The Federal Reserve’s efforts to bring inflation back to its target of 2% have hit a roadblock, as the latest data shows a rise in inflation. The core personal consumption expenditures (PCE) price index, which is the central bank’s preferred measure of inflation, increased by 0.4% last month and 2.8% from a year ago, according to the Bureau of Economic Analysis.

This news comes as a blow to Fed officials who were hoping to start cutting interest rates, as inflation had been steadily declining from its peak of 9.1% in 2022. While the core PCE price index aligns with Wall Street’s expectations, economists argue that the 2.8% figure is not sufficient for Fed Chair Jerome Powell and his colleagues to feel comfortable with rate cuts this spring. The core PCE price index excludes food and energy prices, which are known for their volatility.

David Alcaly, lead macroeconomic strategist at Lazard Asset Management, explains that this “hot” inflation data adds uncertainty and delays rate cut expectations. However, he believes that overall, Thursday’s inflation report is just a “speed bump” in the Fed’s mission to control inflation.

On the other hand, Citi economists led by Andrew Hollenhorst warn that the chances of a recession have increased following the latest inflation report. Hollenhorst predicts that the Fed will not be able to cut rates until June and argues that there is little hope for disinflation at the moment due to a strong labor market and resilient consumer spending. He adds that higher inflation and policy rates today raise the likelihood of a recession later this year.
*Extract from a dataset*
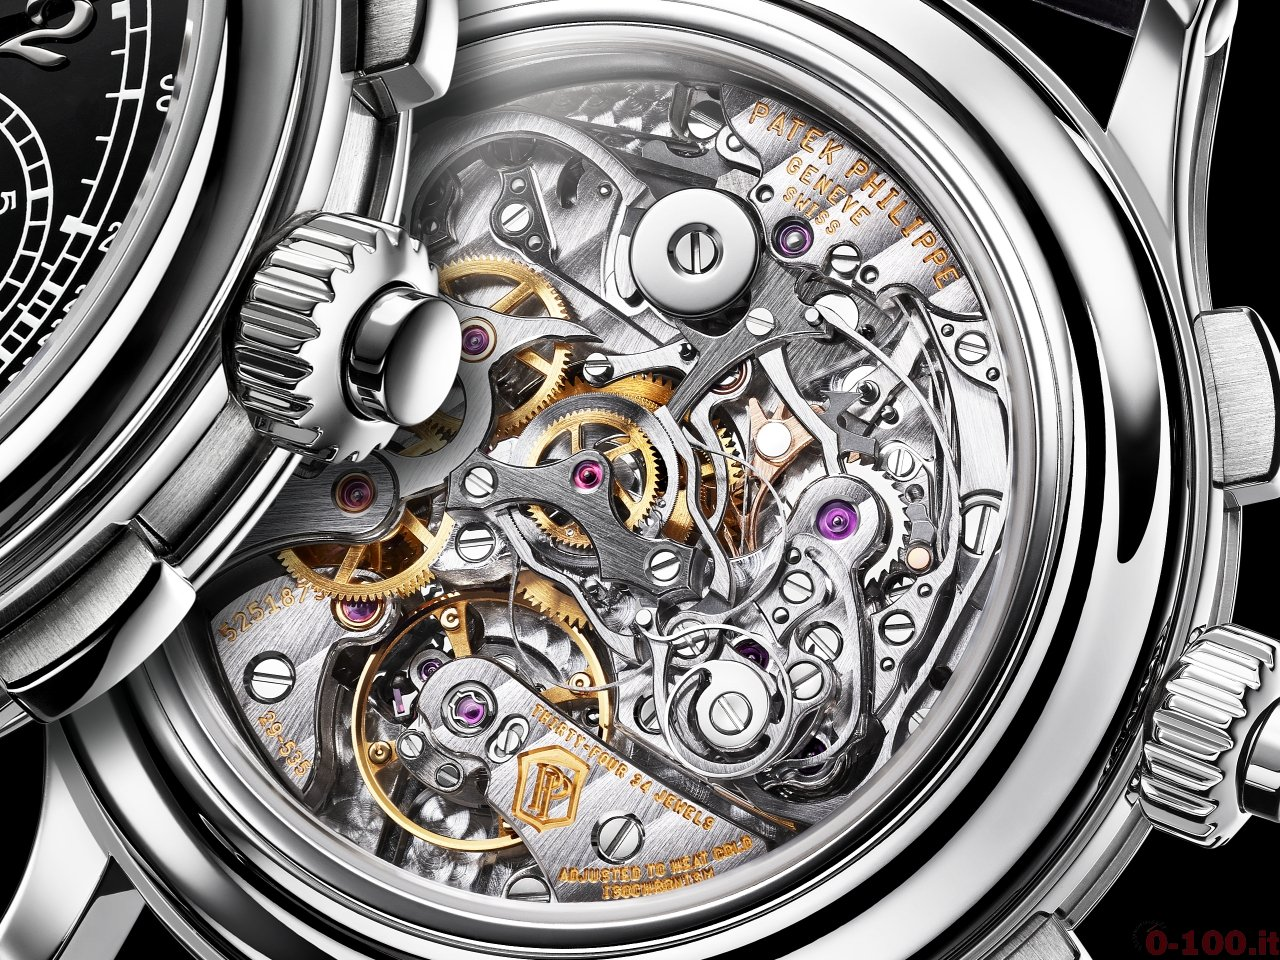 baselworld-2015-patek-philippe-cronografo-rattrappante-0-100_4
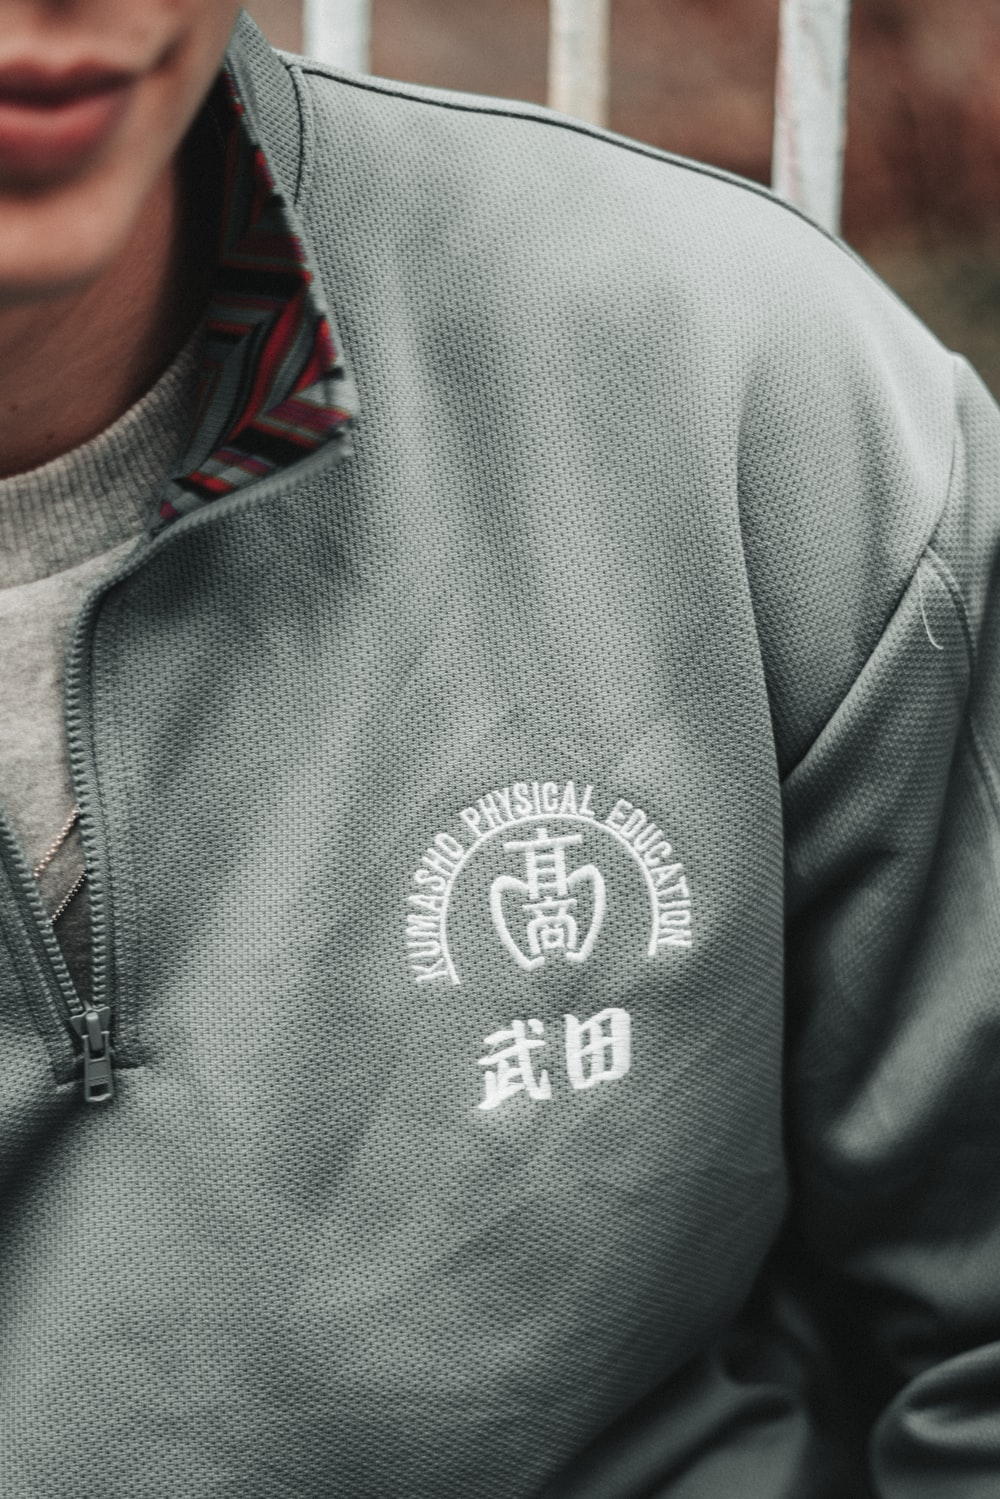 man in gray zip up hoodie

In contrast, Paul Ashworth, chief North America economist at Capital Economics, agrees with Alcaly’s perspective. He describes the resurgence in core inflation as a “speed bump” rather than a major obstacle. Ashworth believes that the latest inflation report rules out an early interest rate cut from the Fed this year. However, he points out that there is still a significant amount of disinflation expected throughout the year, which should bring the annual rate of core PCE inflation close to the 2% target by midyear.

The decline in personal spending in January further supports the argument that consumers are pulling back on spending, which could help with inflation. Personal spending, which drives 70% of U.S. GDP growth, fell by 0.1% after a surge of 0.6% in December. The decrease in spending on goods, which can be partly attributed to bad weather, indicates a potential slowdown in overall consumer spending.

Additionally, real disposable income, a measure of consumers’ income after expenses and adjusted for inflation, also fell by 0.1% in January. Jeffrey Roach, LPL Financial’s chief economist, suggests that investors should closely monitor this decline as it may indicate that consumers are nearing the end of their spending spree.

For Roach and many other economists, the latest inflation report is not a cause for panic but rather a sign that the Fed needs to remain patient in its efforts to control inflation. He maintains that the narrative remains unchanged, with the next move by the Fed likely to be a rate cut.

Overall, the latest inflation report presents challenges for the Federal Reserve’s rate cut plans. While some economists argue that the rise in inflation is just a temporary setback, others warn of potential recession risks. As the Fed navigates these challenges, it is clear that patience will be key in achieving its inflation targets.